Bucking the trend of catchy songs and dance numbers, the Army War Show, which started in 1942, aimed to raise money for the war effort by dazzling enraptured crowds with the discharging of horrific deadly weaponry. The flamethrower display took place in New Orleans, but other shows (which always performed for sold-out venues) included such acts as weapons firing, cavalry riding, tanks crashing cars, and "jeep comedy routines," which is a phrase that makes no immediate sense and cannot possibly be defined to our satisfaction. Why not incorporate comedy into the flamethrower bit? The jokes practically write themselves.

#7. Cartoon Supervillain Headgear

via Museum of Retro Technology
The source of those Disney anti-Semitism rumors.

Technology constantly changes the face of warfare, which in 1917 was apparently all about fighting cybernetic mice conquistadors from the jungles of Neptune. Either that or the trench warfare of World War I was so dismal that everyone agreed that Friday would be Wacky Hat Day to increase troop morale. Third possibility -- those are mind-reading helmets, and the Germans have just deduced that the Allies are trying to sell them a subscription to the Saturday Evening Post.

Actually, those guys in the photograph are two German Feldartillerie (field artillery) soldiers, which means that what's strapped to their heads is most likely some kind of device meant to detect the approach of enemy planes (while risking serious hearing damage should someone happen to fire artillery in their immediate vicinity).

Nowadays that job is performed by radar, but up until World War II, enemy detection was done entirely by sight and sound, meaning soldiers had to try to spot approaching planes, tanks, and infantry with their eyes and ears and nothing else. Sure, you may spend most of the day looking like a cartoon character, and it would immediately become completely useless the moment any fighting started, but a tenuous, unreliable advanced warning system is still better than getting bombed out of the blue.

#6. The Military's Top Secret Car Plane

via NavSource Naval History
To keep the secret, they shot all 150 spectators.

Despite appearances, this is not Doc Brown trying to hit 88 miles per hour in a budget time machine, nor is it Clark Griswold steering his family into well-intentioned-yet-calamitous oblivion.
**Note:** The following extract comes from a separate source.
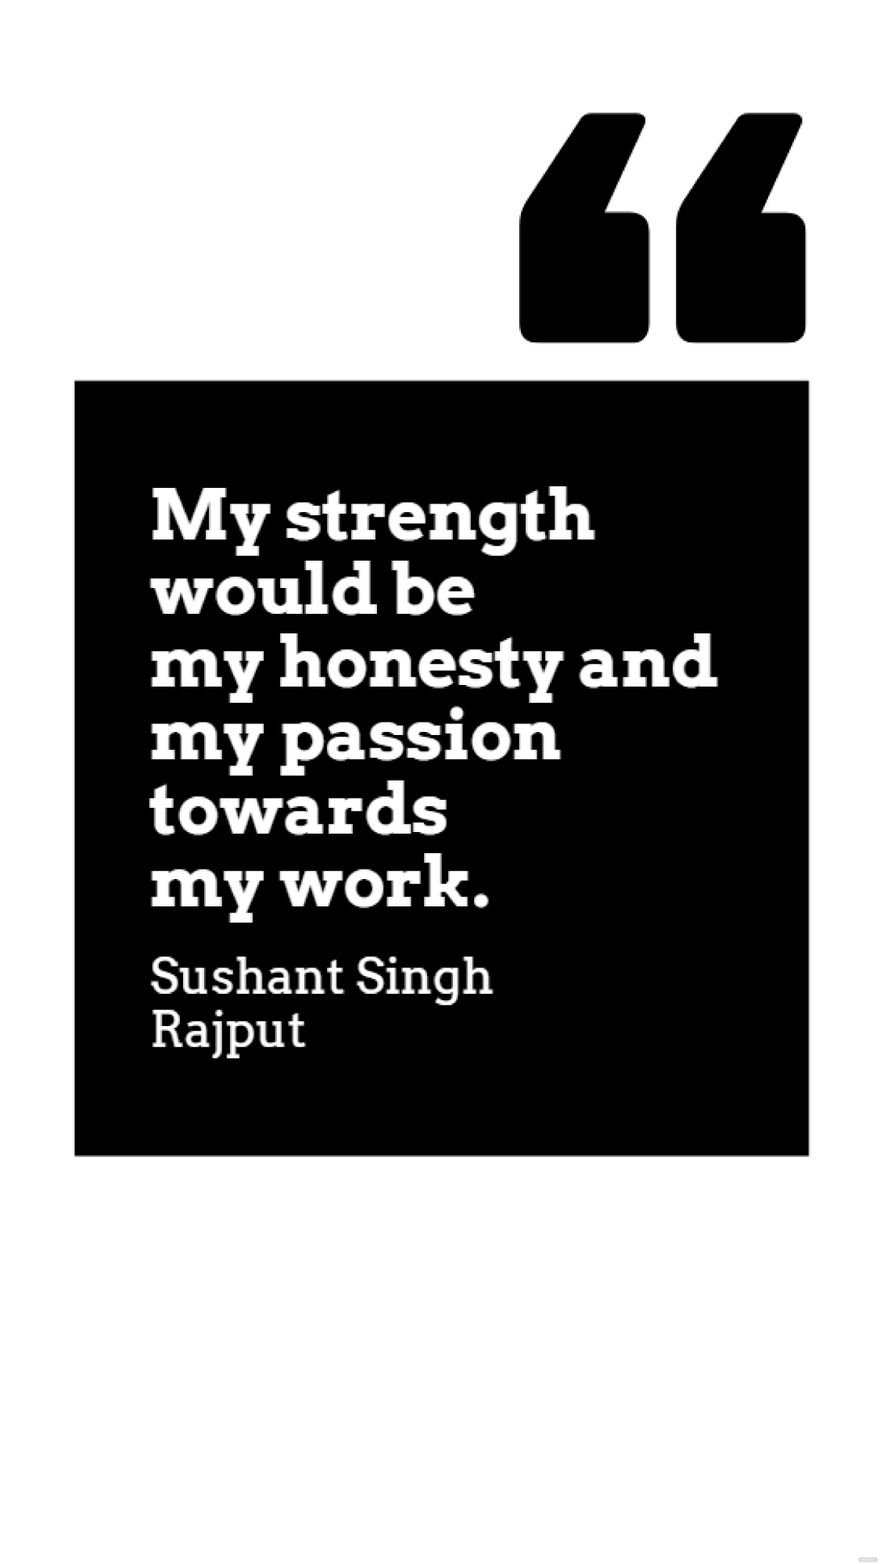 Free Sushant Singh Rajput - My strength would be my honesty and my passion towards my work. in JPG

No, this is a photo of the USS Enterprise dumping old cars off the coast of the Philippines in 1978, which is a sentence that somehow manages to make even less sense.
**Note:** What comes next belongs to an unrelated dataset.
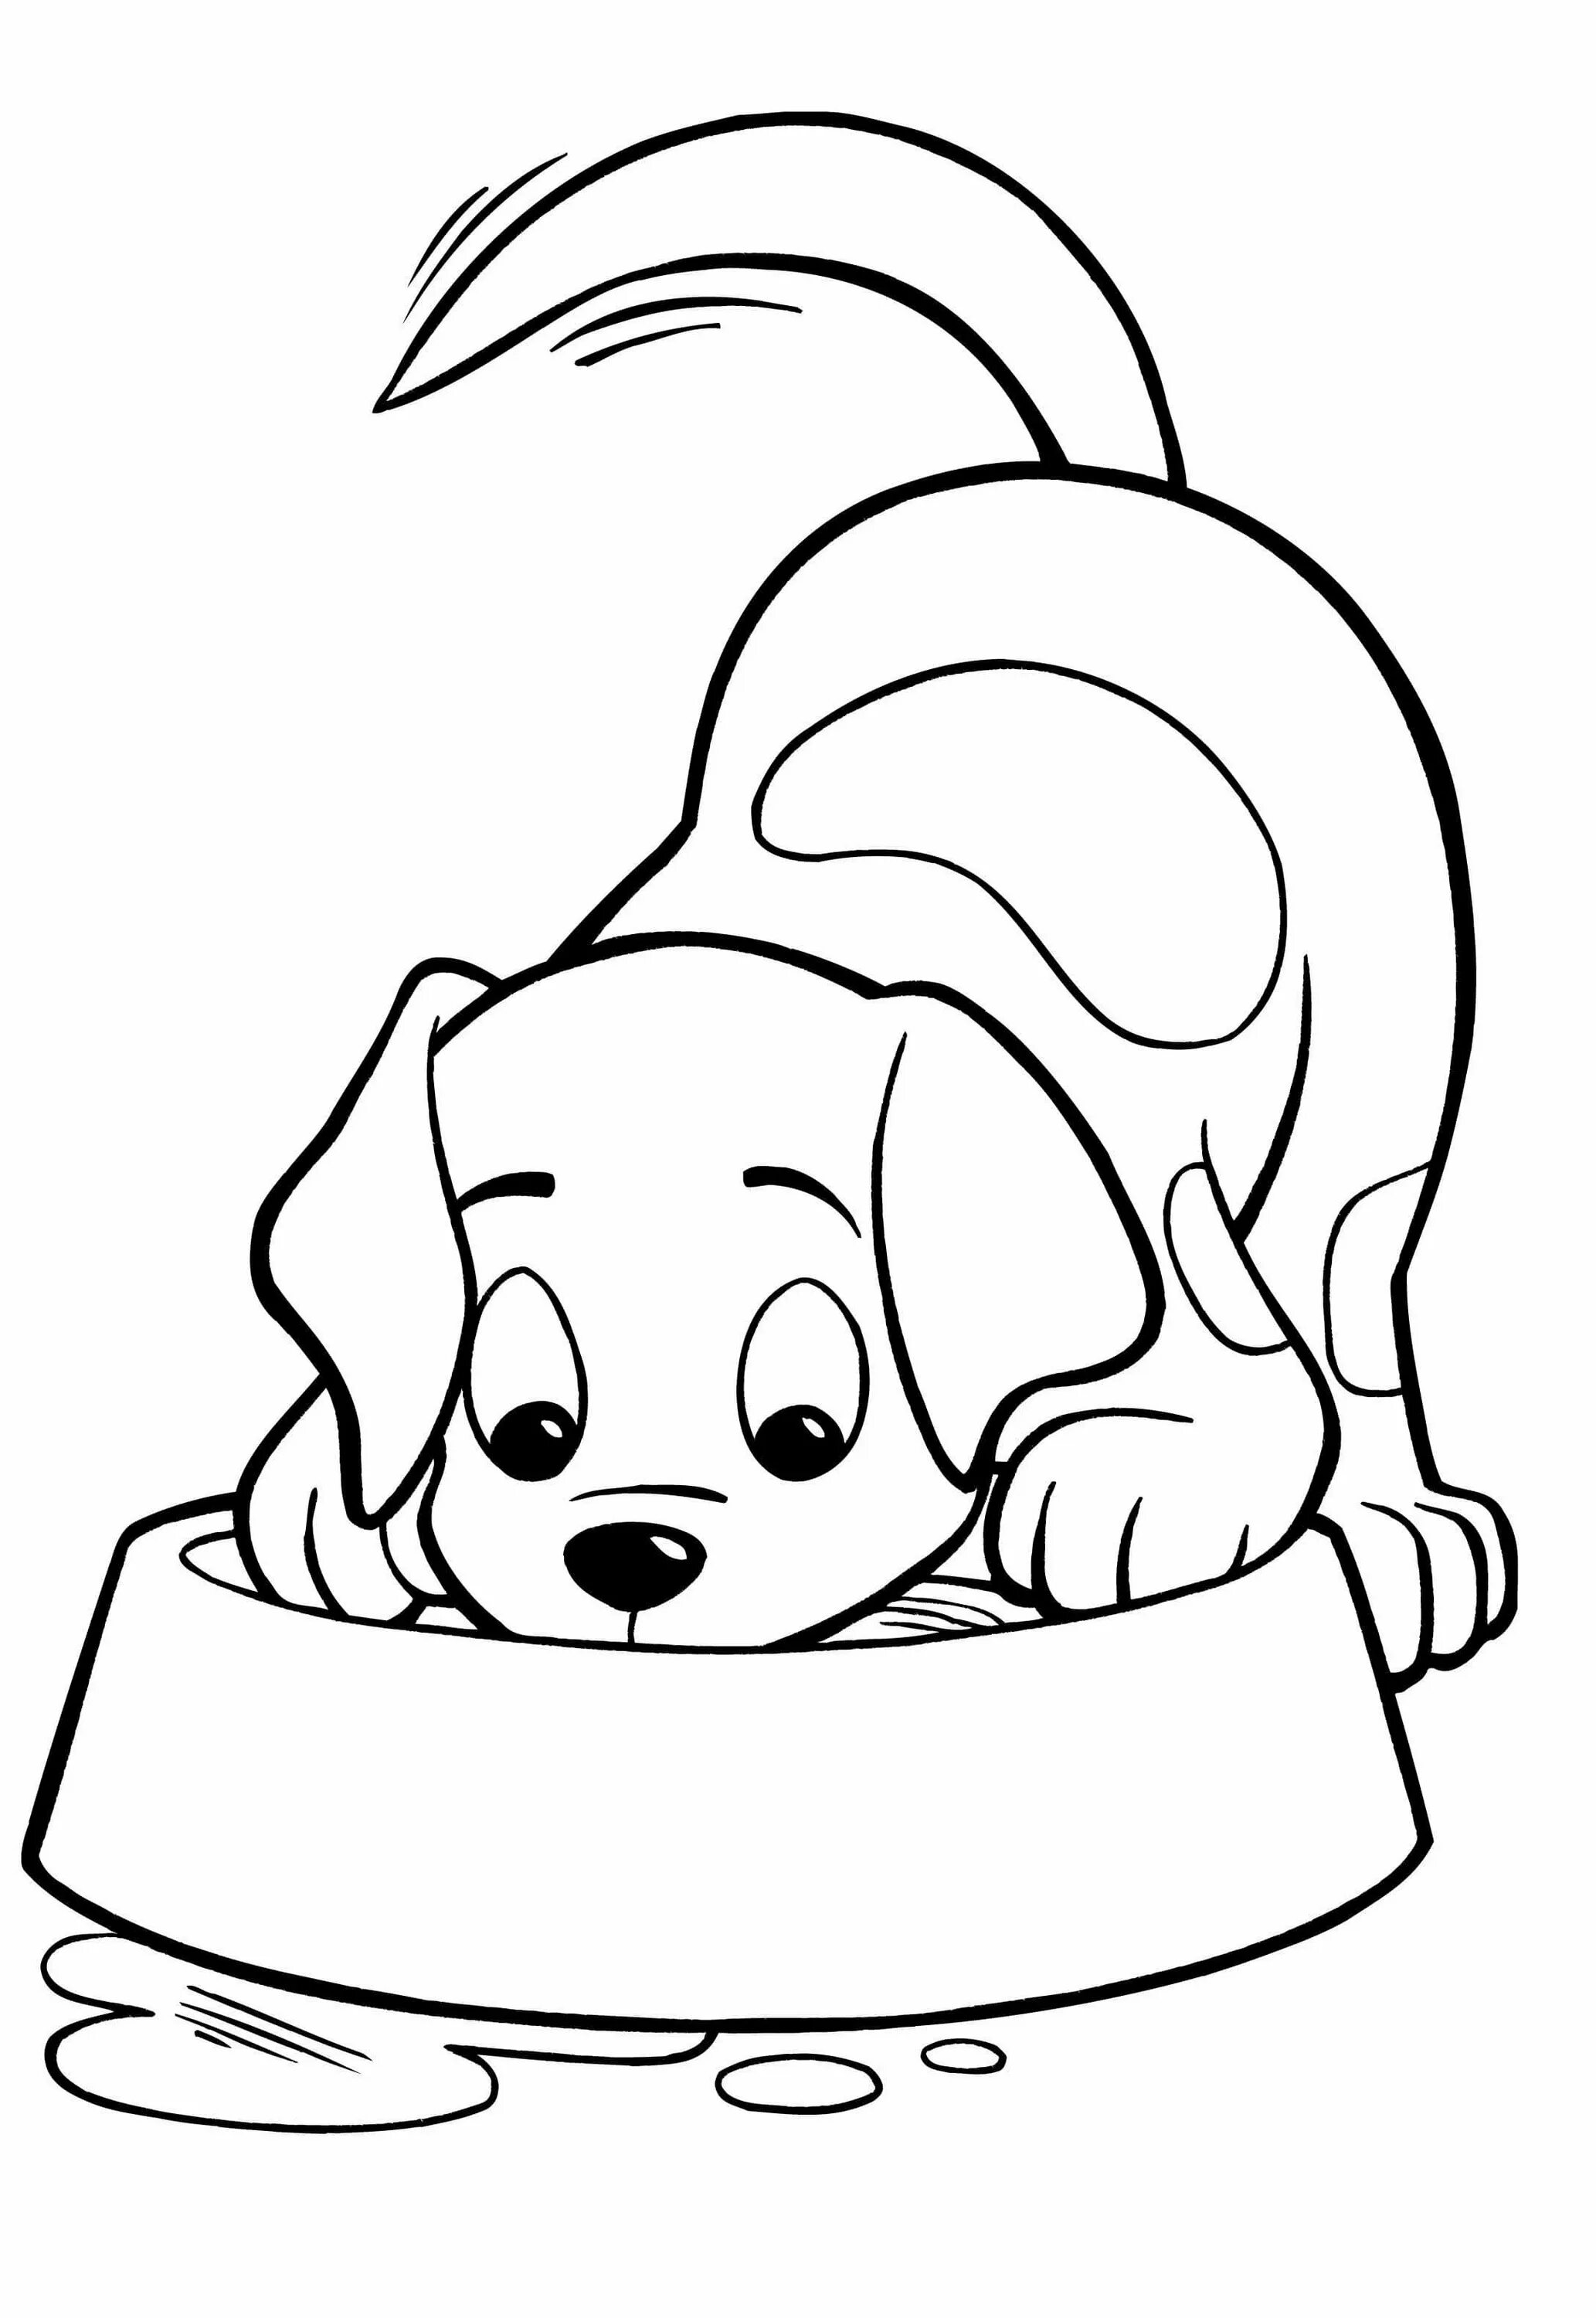 Puppy drawing #15

In the days before the environment was invented, it was apparently business as usual for servicemen to get rid of unwanted automobiles by casting them into the sea. The car in the photograph appears to be a Plymouth Savoy, and the reason it's leaving behind a trail of white smoke is because it's being launched by the steam catapult system normally used to assist jet fighters during takeoff. Slapping Captain Planet in the face has never looked so spectacularly awesome.